For each of the 60 individuals in our cohort, we computed the fraction of non-reference alleles to the total number of reads at all PCR-amplified positions (each mtDNA site between bases 16043 to 16238 and bases 16469 to 262). We first identified any sites with measurable heteroplasmy (noted in the formula below with the indicator function) which are sites with allele fraction estimates between 0.05 and 0.95 (Table S8). Sites with non-reference allele fraction less than or equal to 0.05 or greater than or equal to 0.95 are assigned as stably inherited SNPs, and the heteroplasmy measure at these sites are set to zero. We then weighted each heteroplasmic site by the allele fraction and summed them up to generate heteroplasmy scores for each individual.

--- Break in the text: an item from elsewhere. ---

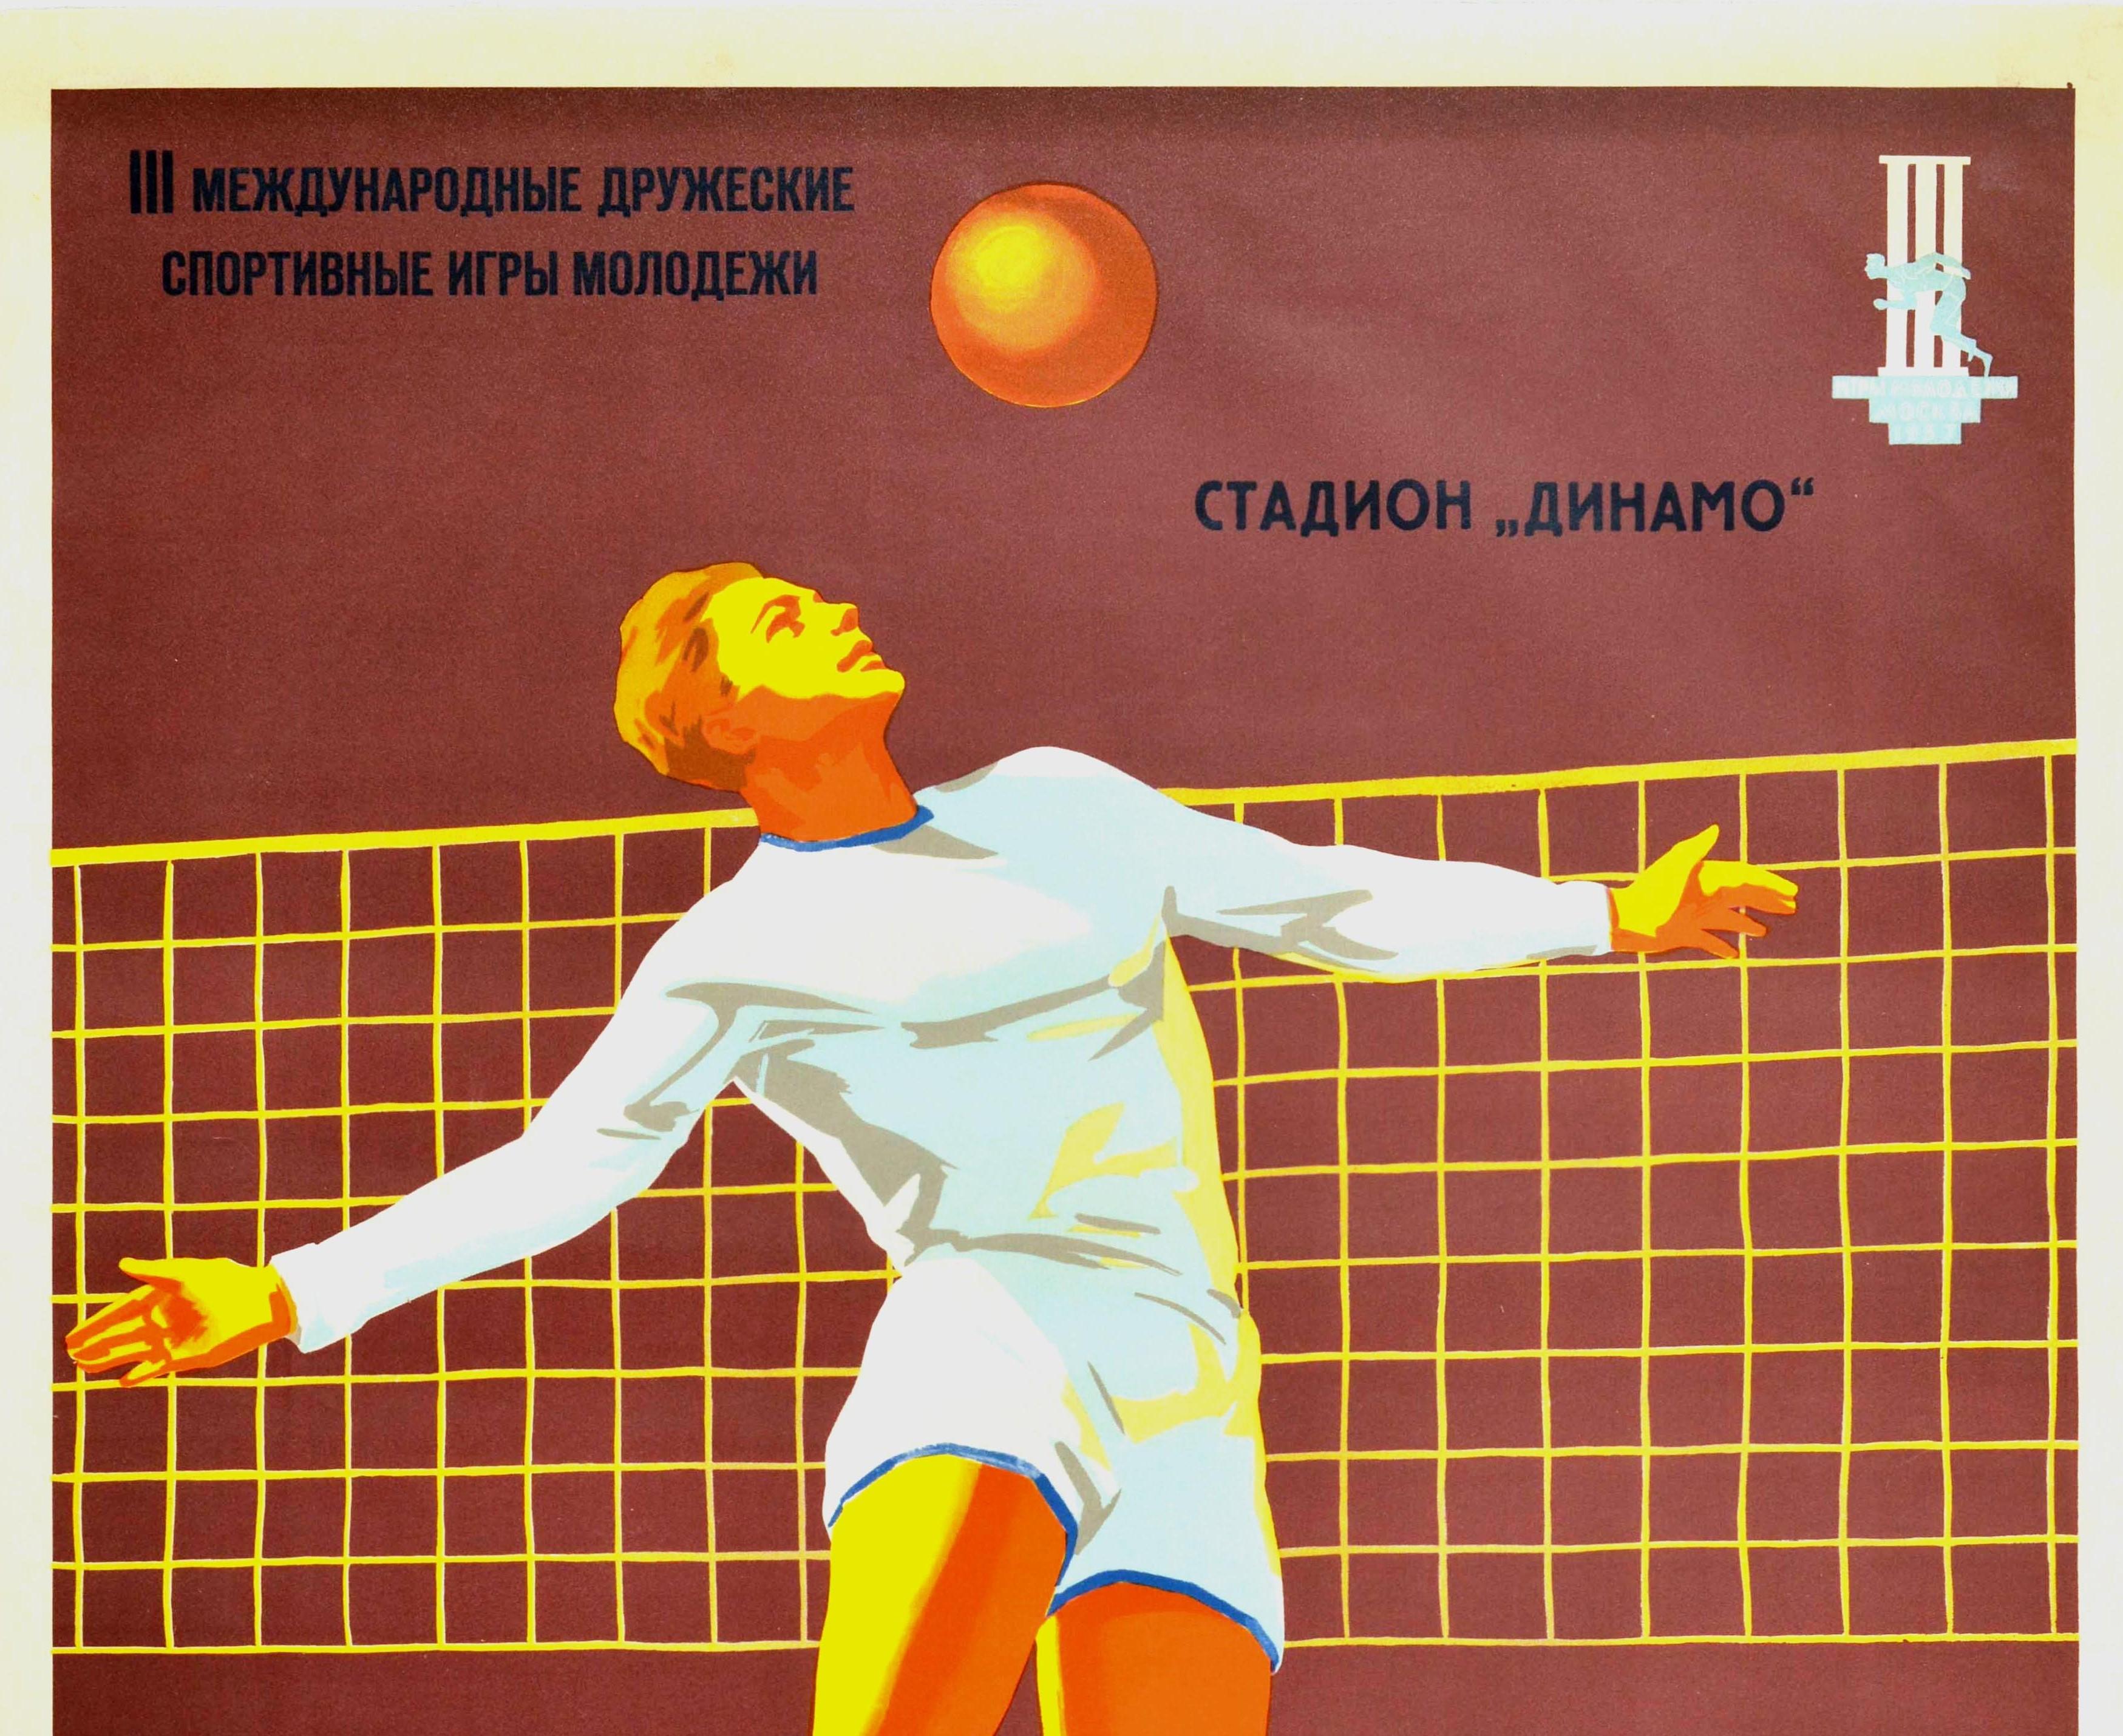 Original vintage sport poster for a volleyball competition at the III International Friendship Moscow Youth Games held from 30 July-9 August 1957 at the Dynamo Stadium featuring a volleyball player in white jumping up to hit the ball at the net in

$$Het{16043}_{i}=\sum_{m=16043}^{16238}{1}_{\left\{0.05<{MAF}_{i,m}<0.95\right\}}*\left[\frac{\# Alt. read{s}_{i,m}}{Total \# {reads}_{i,m}}\right]$$
$$Het{16469}_{i}=\sum_{m=1}^{262}{1}_{\left\{0.05<{MAF}_{i,m}<0.95\right\}}*\left[\frac{\# Alt. read{s}_{i,m}}{Total \# {reads}_{i,m}}\right]+\sum_{m=16469}^{16571}{1}_{\left\{0.05<{MAF}_{i,m}<0.95\right\}} *\left[\frac{\# Alt. read{s}_{i,m}}{Total \# {reads}_{i,m}}\right]$$
$$Het{Total}_{i}= Het{16043}_{i}+ Het{16469}_{i}$$

Het16043i is the heteroplasmy score of individual i generated from sites between bases 16043 and 16238. Het16469i is the heteroplasmy score of individual i generated from sites between bases 16469 and 262 and HetTotali is the heteroplasmy score of individual i generated by taking the sum of Het16043i and Het16469i.

Quality control and association analysis of MT SNPs with heteroplasmy

Plink 1.90b6.969 was used to perform quality control and association analysis. We ensured that no individuals had a genotyping rate less than 20%, discordant sex data, or were duplicated or shared significant identity-by-descent. Because of limited sample size, SNPs with minor allele frequency less than or equal to 0.09 as well as those not in Hardy-Weinburg equilibrium (P < 1.0 × 10–6) were removed. Of the 60 samples in our cohort of LCLs, we found that three individuals of non-European ancestry (2 Chinese, 1 African-American) were stratified in PCA (Fig. S3). We used Plink to implement a generalized linear regression model for the remaining 42 MT SNPs for the 60 LCL samples in our cohort, including the first two principal components from PCA as covariates, with HetTotali and calculated the overall association statistics (Table S9).

Ethical approval

The use of the human cell lines for research in this work was determined to not be human subjects research by the IRB of UMass Chan Medical School (H00021419).